However it seems that it could be the precursor to a completely new computing paradigm:is that correct?

What do you imagine would be the scale and extent of real world applications? I always imagined that optical computers would be the future but I had assumed, because we live in a digital age, that the computing principle would be, as for most modern electronic computers, fundamentally digital.

Electronic/Optical Analog computers are coming back.This is the future, coupled with Parallel Programming.There is a computer company in Germany (Munich?) selling Electronic Analog and hybrid Analog/Digital computers.
There was a demonstration of an Optical ( Laser ) computer, in Germany, using a natural crystal chip, approximately 30 years ago. This had a base logic of 5 in contrast to "normal" binary computer ( 2 ).
Obviously this was held back by our masters,like a lot of other technology, including TRINARY, which was invented in the 1950's.
..... Dhan

@Dhan Hurley Thanks for your comments. Lots of exciting prospects in the pipeline!

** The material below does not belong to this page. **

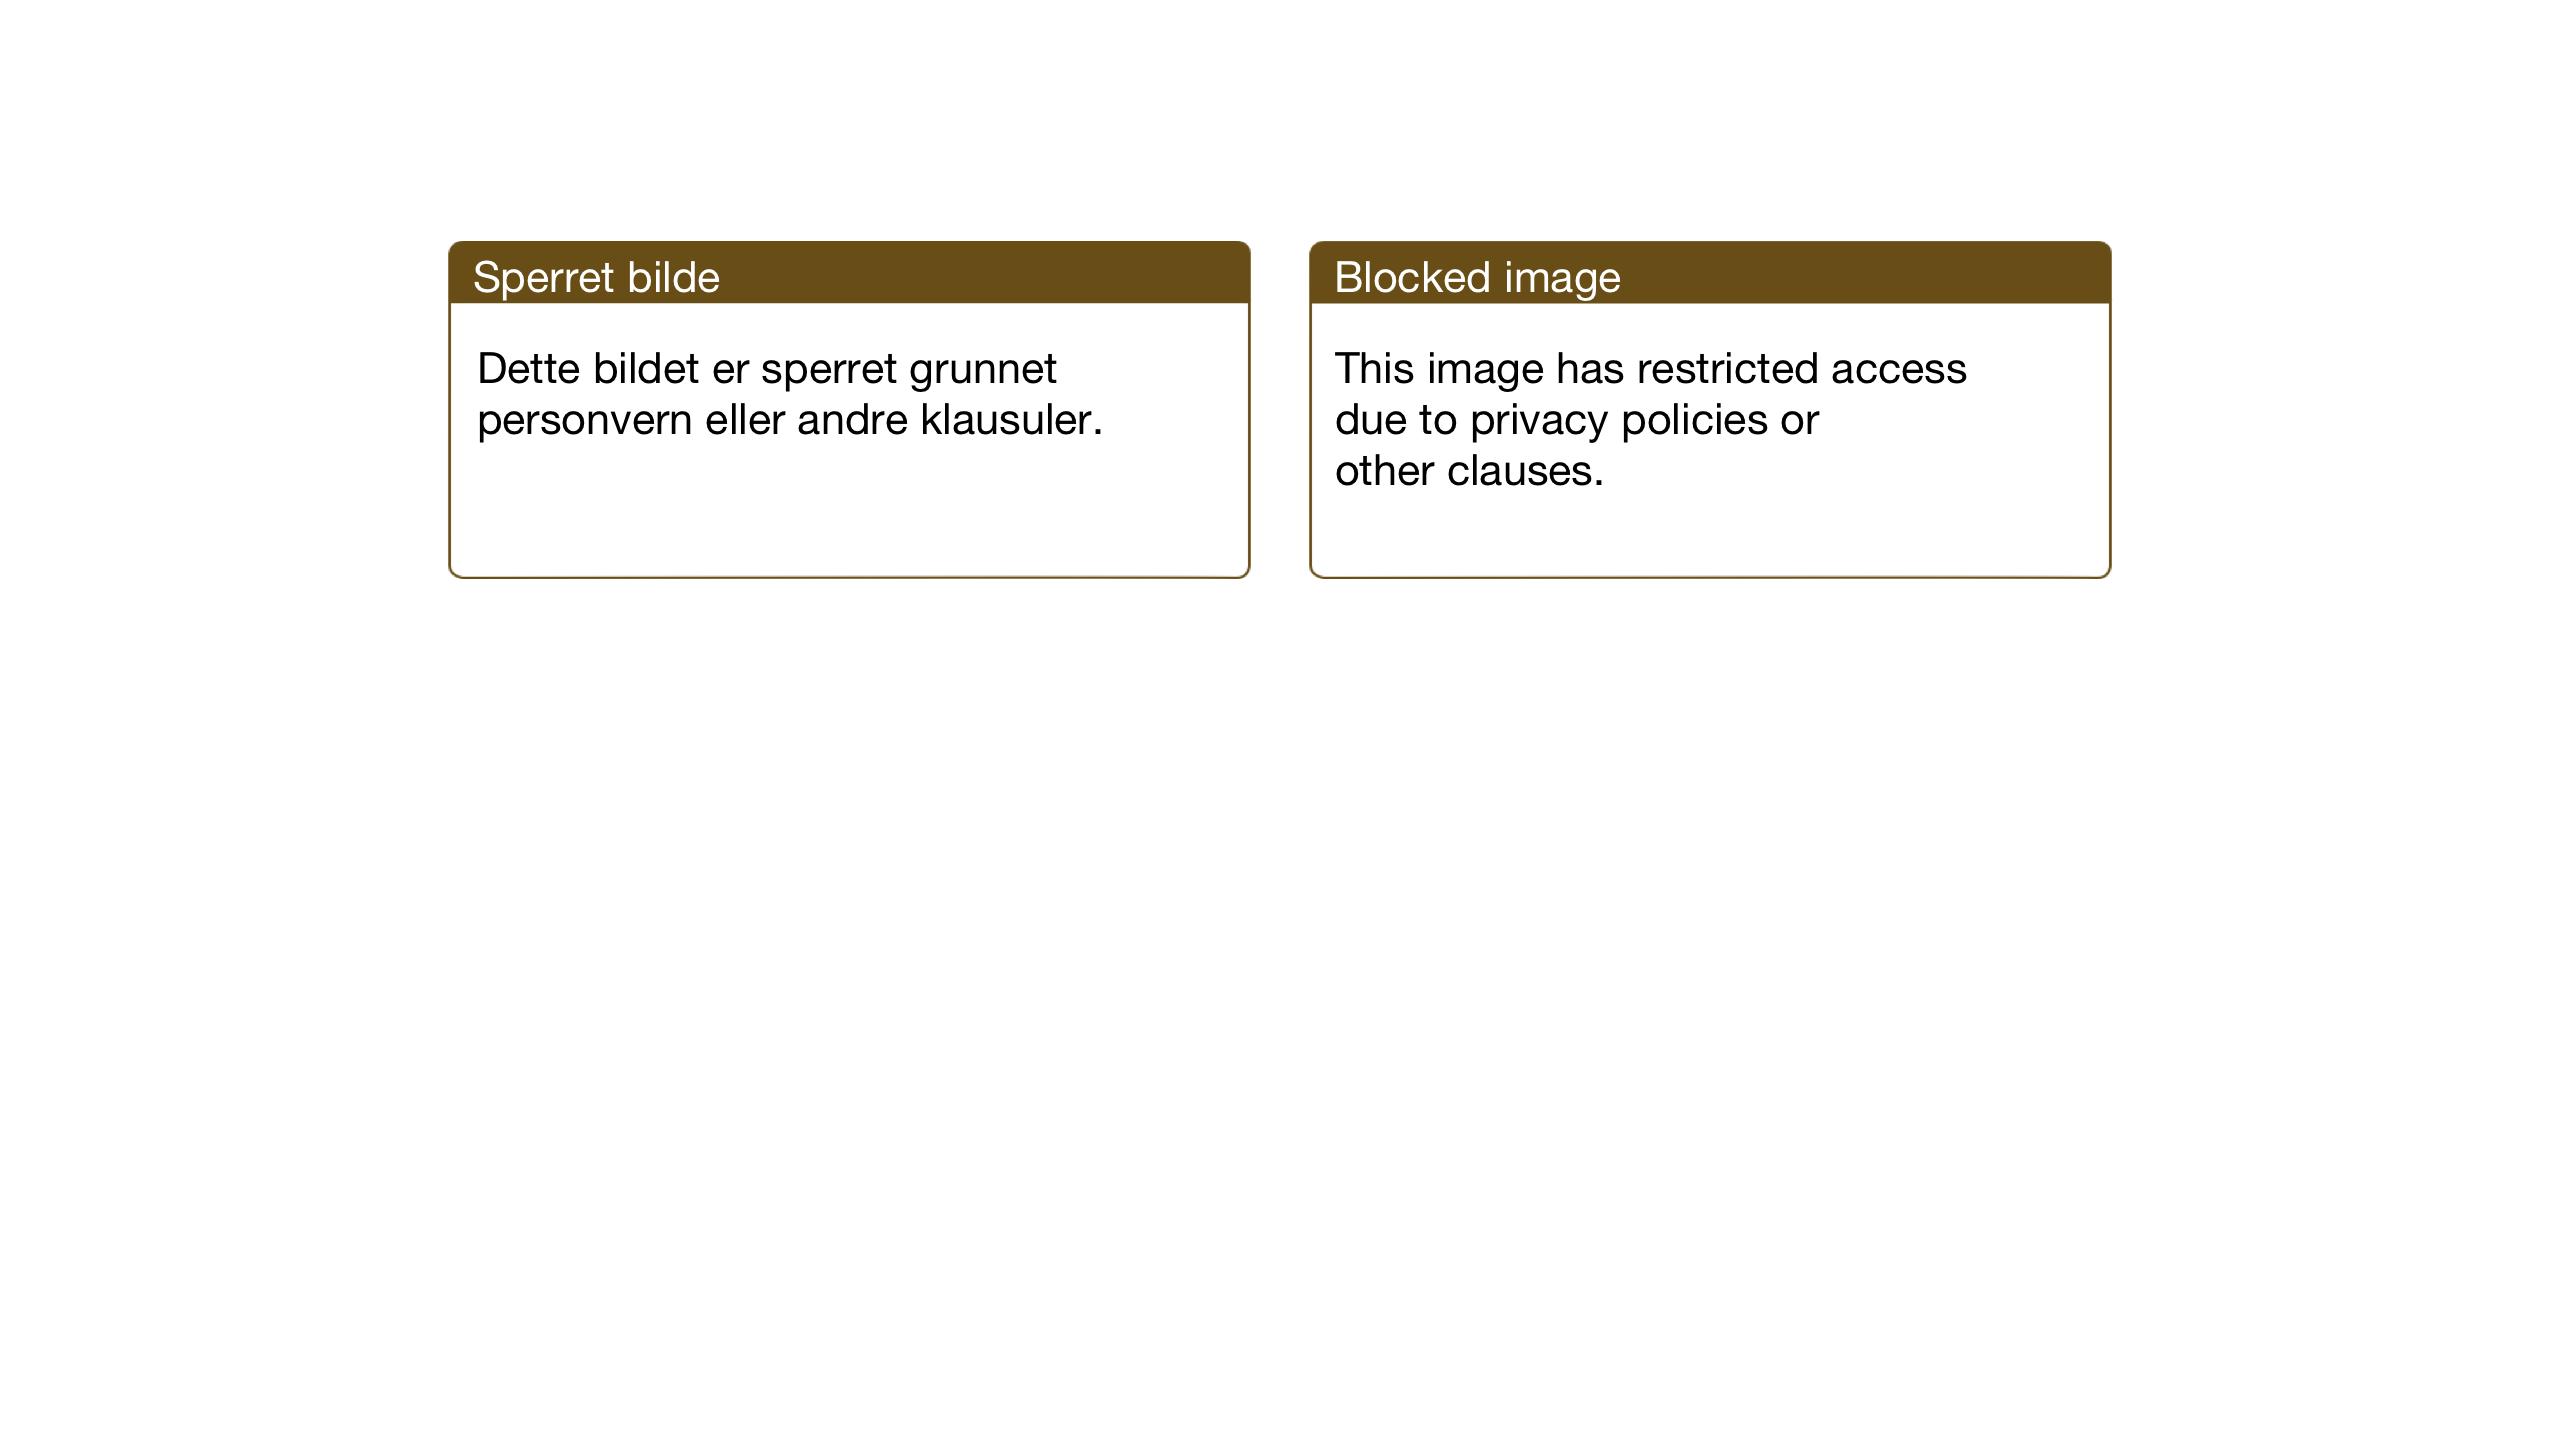 SAT, Ministerialprotokoller, klokkerbøker og fødselsregistre - Sør-Trøndelag, 608/L0343: Klokkerbok nr. 608C09, 1938-1952, s. 30

Hi @Dhan Hurley this sounds really interesting. As you mentioned it provides a 5 base logic compared to our current 2 base logic. I don't know much about that topic, but I read an article about a Chinese team who built a quantic computer that outperforms all we know currently. If I remember well it was able to provide 3 base logic. I assume even on a 2 base logic, a quantic technology would be faster right? What would be the benefit of an analogic solution like this?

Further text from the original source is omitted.